The invention carries out animal experiments and cell experiments, carries out intervention by applying SSB2 to the established animal models and cell models, and uses experimental methods such as histomorphology analysis, western blot experiments, fluorescent quantitative PCR, dual-luciferase reporter gene detection method and the like. In the embodiment of the invention, animal experiment results show that SSB2 can inhibit renal fibrosis induced by pathological environment and reduce damage to nephrons in the fibrosis process; cell experiment results show that SSB2 inhibits the activation of fibroblasts to myofibroblasts by selectively inhibiting a Hedgehog signaling pathway, the increase of a fibrosis marker protein induced by ShhN is reduced, the action target point of the SSB2 is likely to be SMO, and SSB2 can be further used for preparing medicines for treating or preventing renal fibrosis.

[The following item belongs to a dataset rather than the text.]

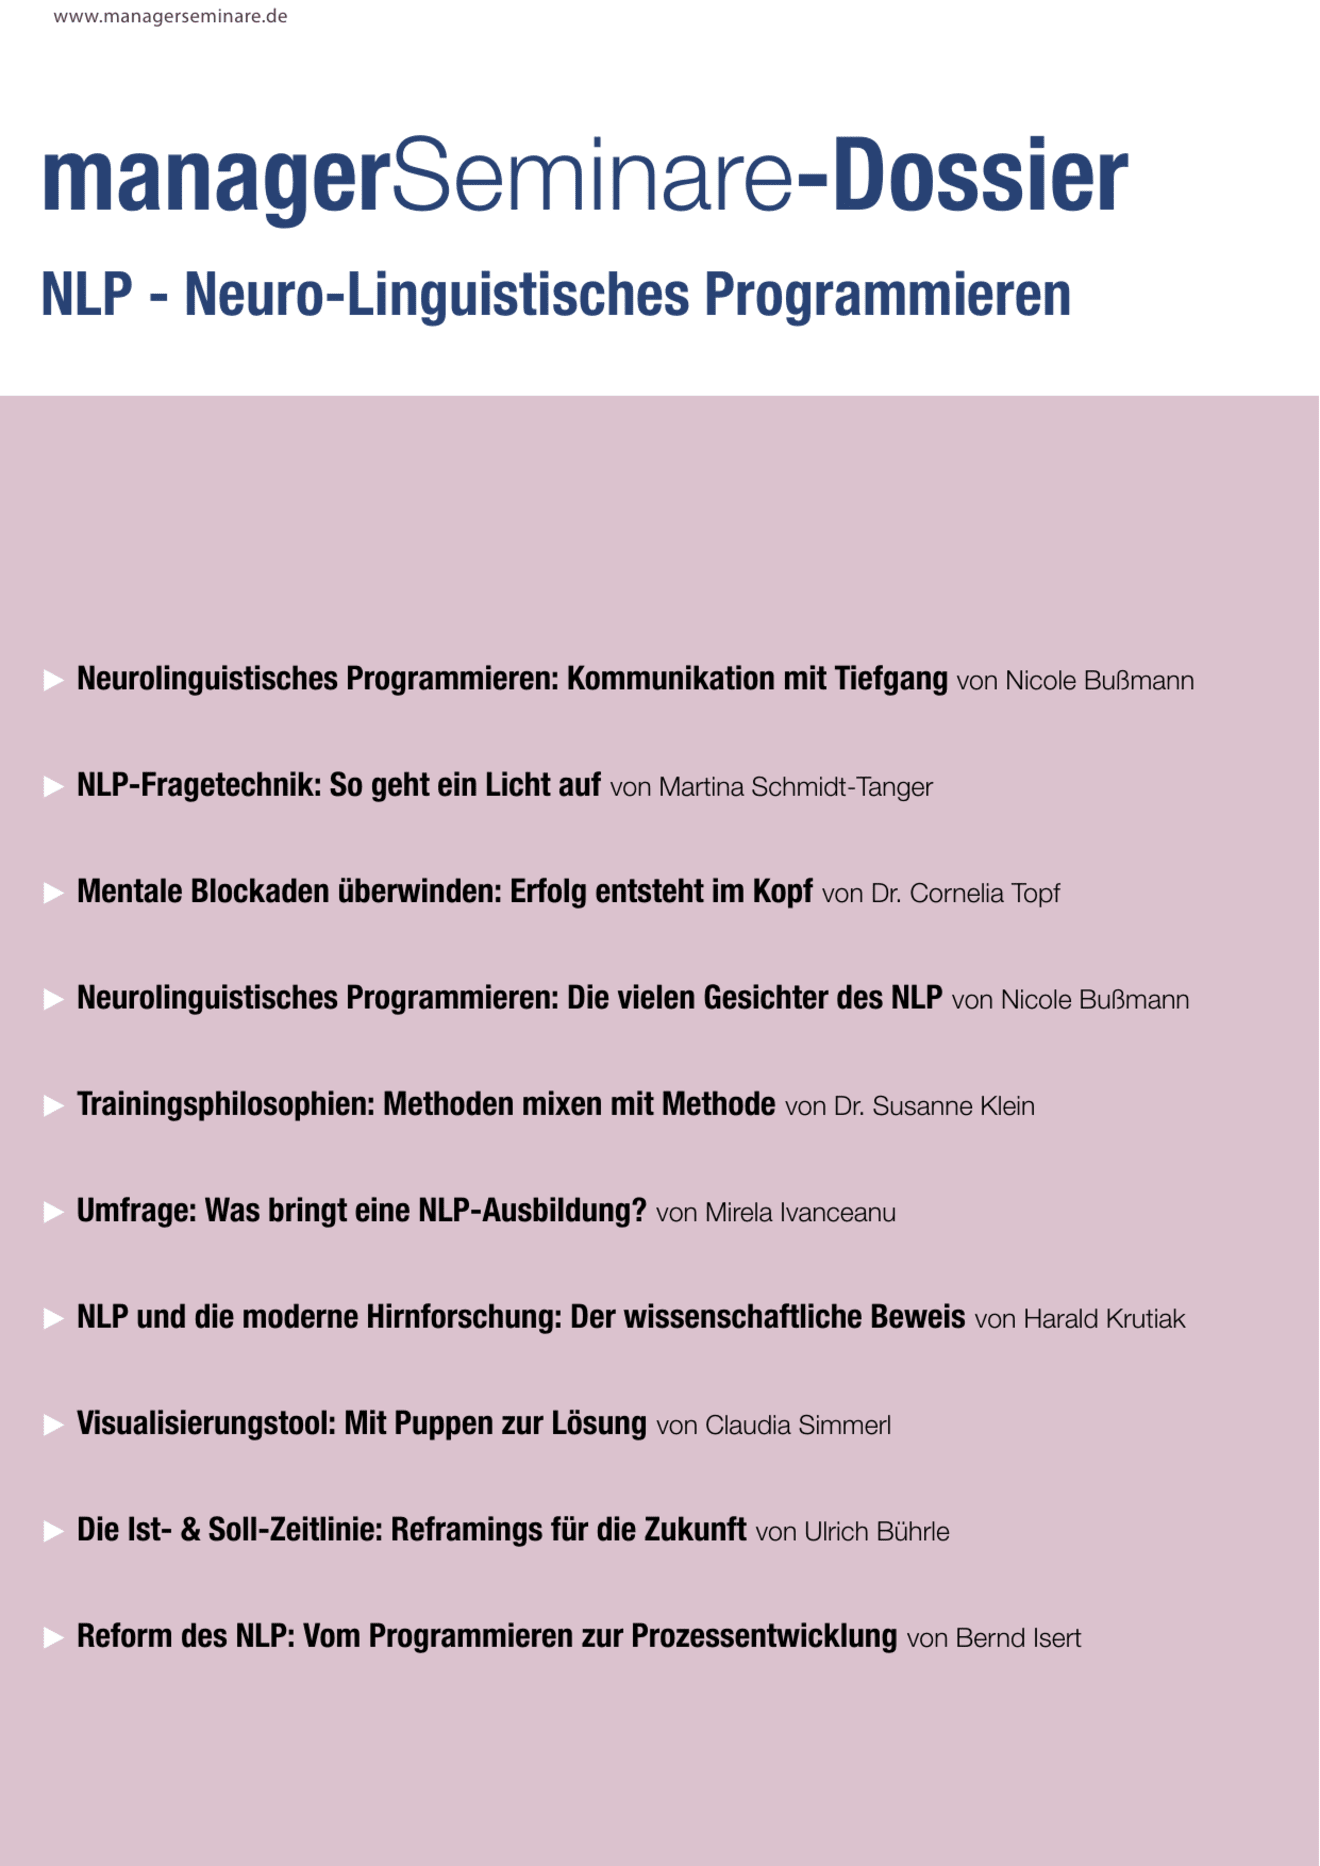 Dossier NLP - Neurolinguistisches Programmieren

In the embodiment of the invention, an intervention experiment comprising the following steps is specifically carried out:

(1) mouse unilateral ureter obstruction surgery; (2) analyzing the tissue morphology; (3) ex vivo cell studies; (4) performing a western blot experiment; (5) real-time fluorescent quantitative PCR experiment; (6) performing cell immunofluorescence experiments; (7) detecting a dual-luciferase reporter gene; (8) and (3) data analysis: the results are expressed as Mean ± SD, and all data were analyzed using GraphPad Prism software One-Way ANOVA method, with P > 0.05 considered no significant difference.